Lo sancisce a chiare lettere il Decreto del Ministero della Giustizia n. 47 del 25 febbraio 2016 che, all’articolo 2, commi 1 e 2, ha previsto in capo al Consiglio dell’Ordine oneri di verifica triennale, nei confronti degli avvocati iscritti all’albo, della sussistenza dell’esercizio della professione in modo effettivo, continuativo, abituale e prevalente – individuata in elementi fra cui proprio il rispetto dell’obbligo di aggiornamento professionale secondo le modalità e le condizioni stabilite dal Consiglio Nazionale Forense.

La verifica ha ad oggetto le dichiarazioni fornite dagli avvocati, ai sensi degli artt. 46 e 47 del D.P.R. n. 445/2000, e potrebbe condurre, ai sensi del successivo articolo 3, alla cancellazione dall’albo quando il Consiglio dell'Ordine circondariale accerta la mancanza dell'esercizio effettivo, continuativo, abituale e prevalente della professione e l'avvocato non dimostra la sussistenza di giustificati motivi oggettivi o soggettivi.

Secondo la norma, dichiarazioni incomplete, false o addirittura assenti in merito all’assolvimento degli obblighi formativi possono portare alla perdita del diritto di permanere nell’albo degli avvocati, trovandosi la ratio della disciplina esaminata proprio nel concetto di apertura del presente elaborato: la conoscenza è potere, la conoscenza è un’arma.

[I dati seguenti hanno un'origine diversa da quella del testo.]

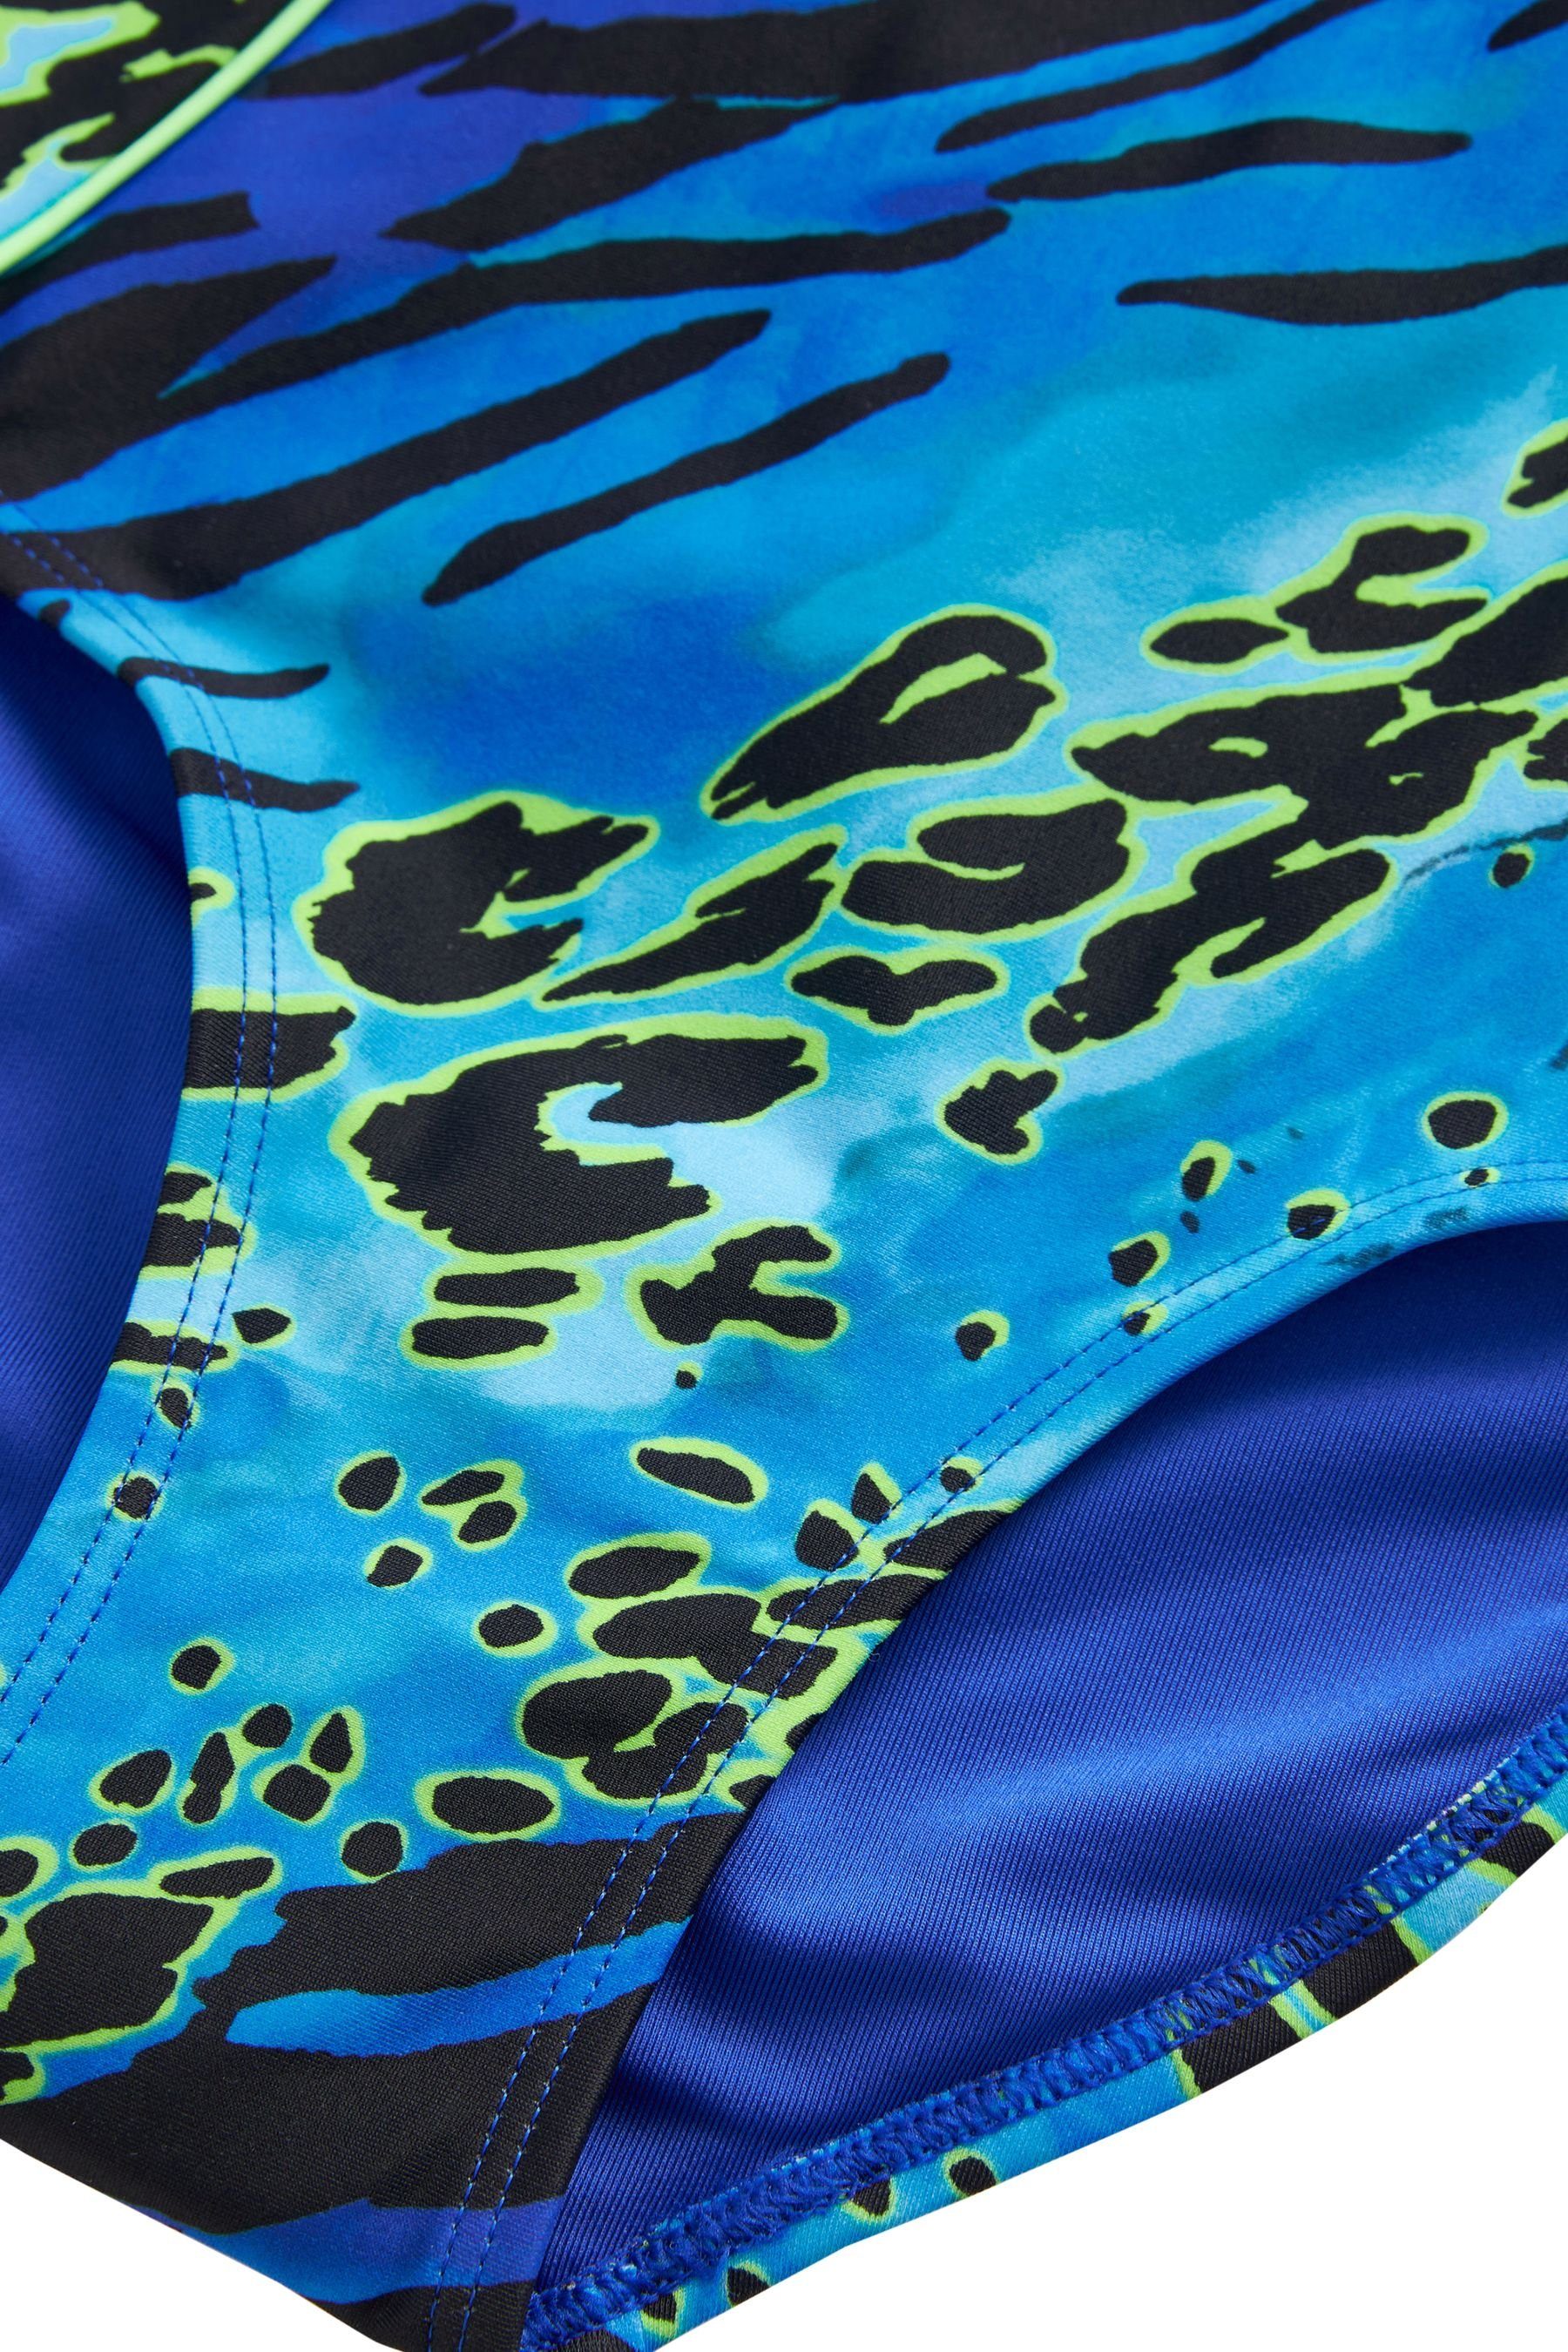 Next Badeanzug Sportbadeanzug Blue/Green gekreuzten Print Animal Rückenträgern (1-St) mit

Come può un professionista debitamente tutelare il proprio assistito in assenza di aggiornamento, oltre che di nuovi stimoli, di nuove idee e spunti derivanti dall’esame di fattispecie che non conosceva, in assenza di interpretazioni nuove?

Sovente capita di trovare più persone fuori che dentro le aule ove si tengono i convegni, in attesa del termine dell’incontro per poter finalmente timbrare il cartellino e fuggire – con i crediti formativi in tasca, al sicuro da qualsiasi sanzione derivante dal mancato raggiungimento della soglia minima richiesta. Eppure è dentro quei corsi, apparentemente lenti, lunghi o vertenti su argomenti già noti, che si nasconde la conoscenza: non sempre e non solo la formazione ha ad oggetto il mero esame degli ultimi aggiornamenti delle – infinite e sempre più cavillose – leggi vigenti.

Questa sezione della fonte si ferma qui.